2. Preheat oven to 425 degrees F. Place the ground duck in a stainless steel bowl. Add the cooled onion and garlic mixture to the duck. Add the Thai basil, Sriracha sauce, panko and eggs. Add salt and pepper. Form this mixture into 1 1/2 to 2-inch balls. Transfer baking sheet to oven and cook for 10 minutes.
3. In a separate pot add wine, veal stock and fresh thyme. Bring to a boil and then let simmer until liquid is reduced, about 15 minutes.
4. Strain liquid through a fine mesh strainer over another large saucepan, discard the solids. Transfer meatballs to liquid and place over medium heat. Let meatballs simmer until cooked through, about 25 minutes.
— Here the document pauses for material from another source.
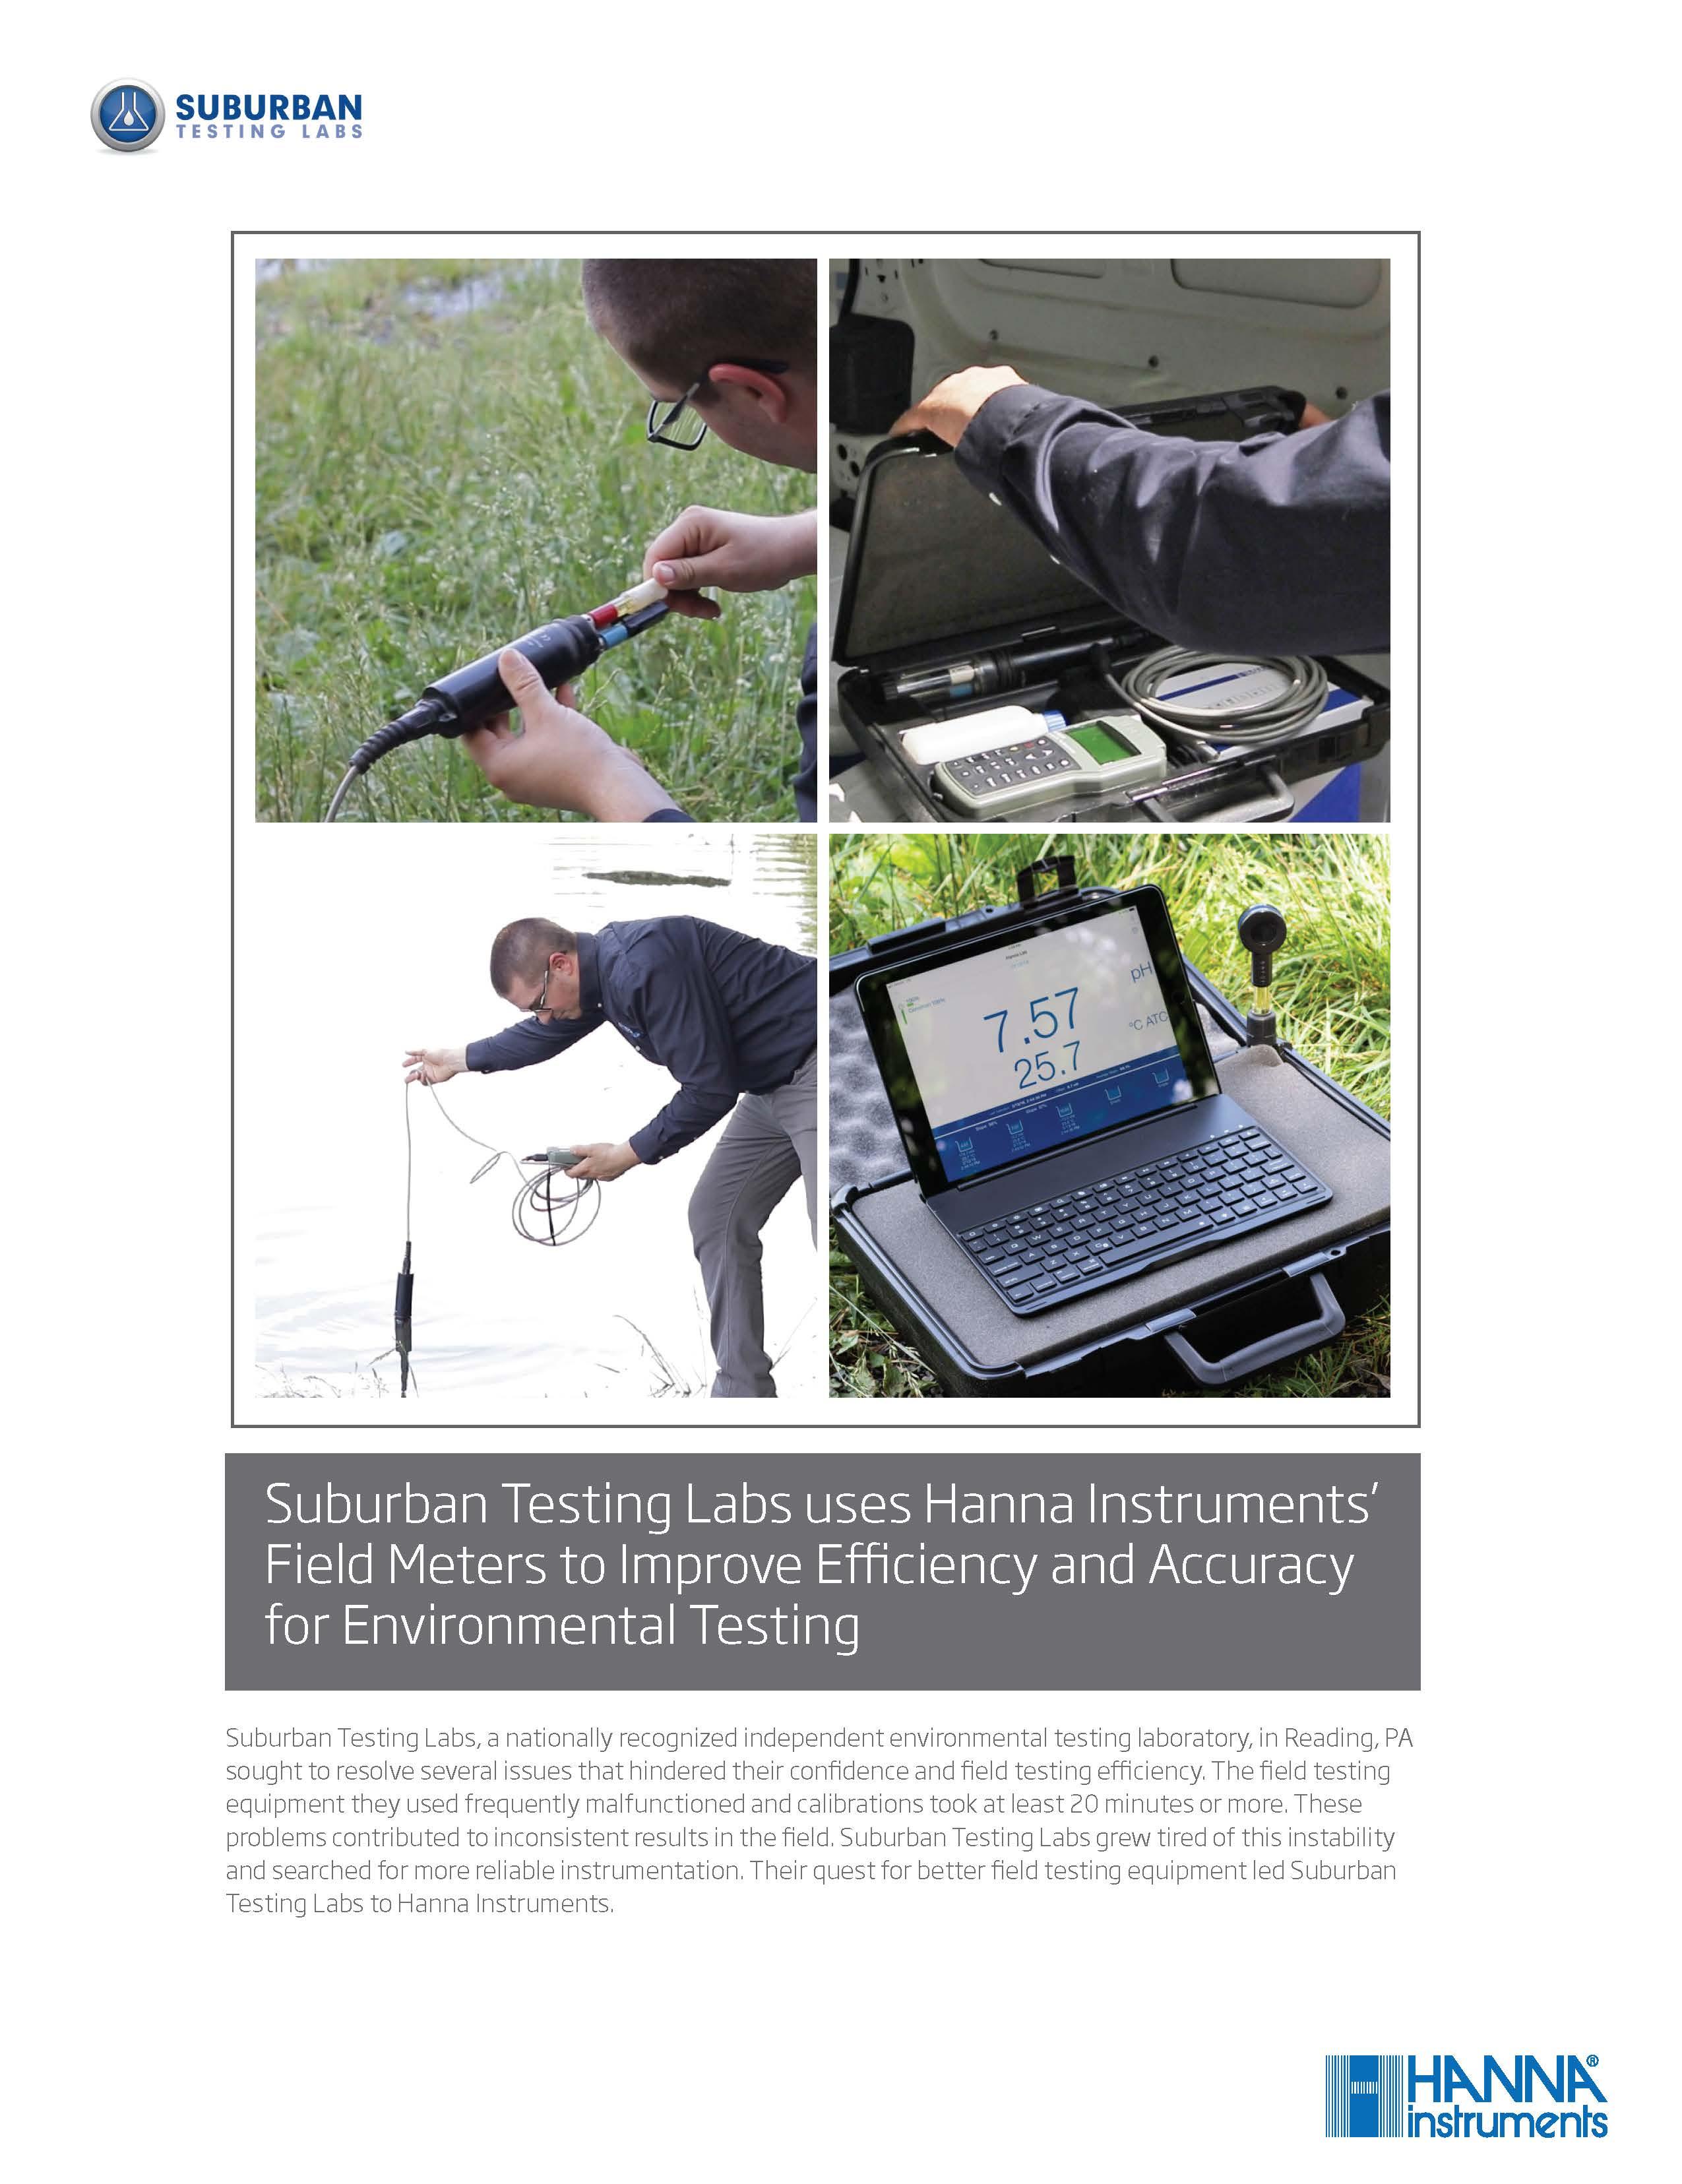 Case-Study-Suburban-Testing-Labs--V1 (2)
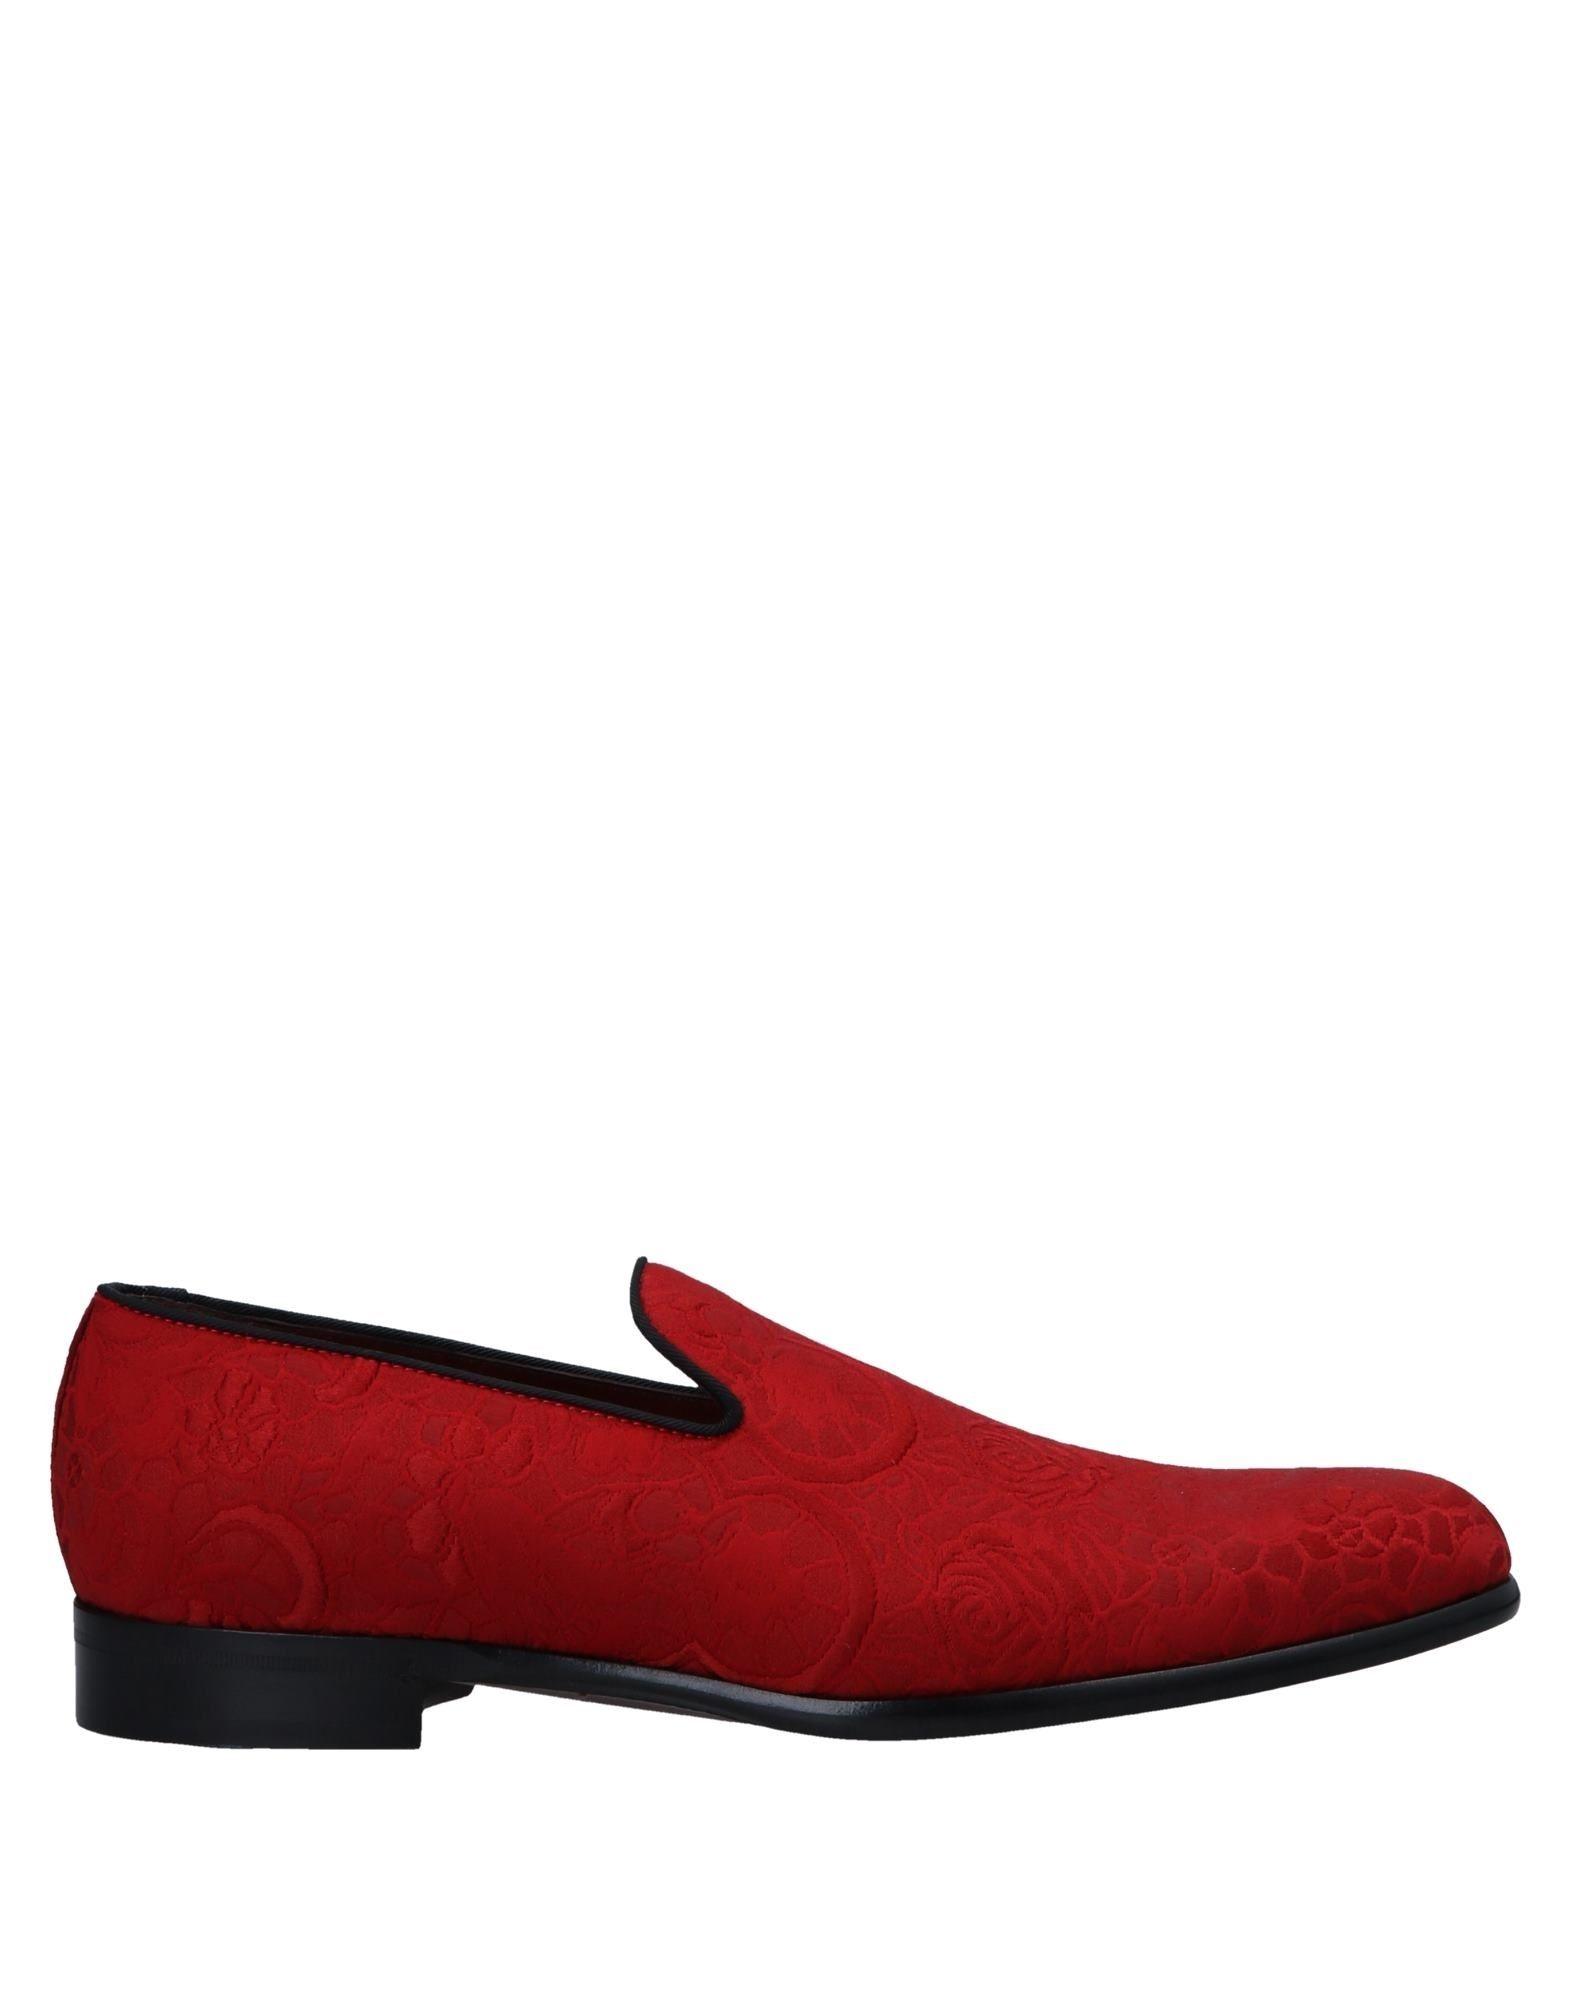 Dolce & Gabbana Loafers - Men online Dolce & Gabbana Loafers online Men on  United Kingdom - 11554785FW 4ebbcd

5. Heat 1 tbsp. of olive oil in a large saucepan over medium heat. Add morning glory and sauté with remaining 2 cloves garlic. Cook for two minutes, stirring occasionally. Add cooked cavatelli and heat through.
6. Transfer duck meatballs with some of the liquid to morning glory and cavatelli sauté pan. Spoon the meatballs, morning glory, cavatelli and liquid into the serving dishes. Garnish with one quail egg per dish and a few sprinkles of grated Grana Padano cheese.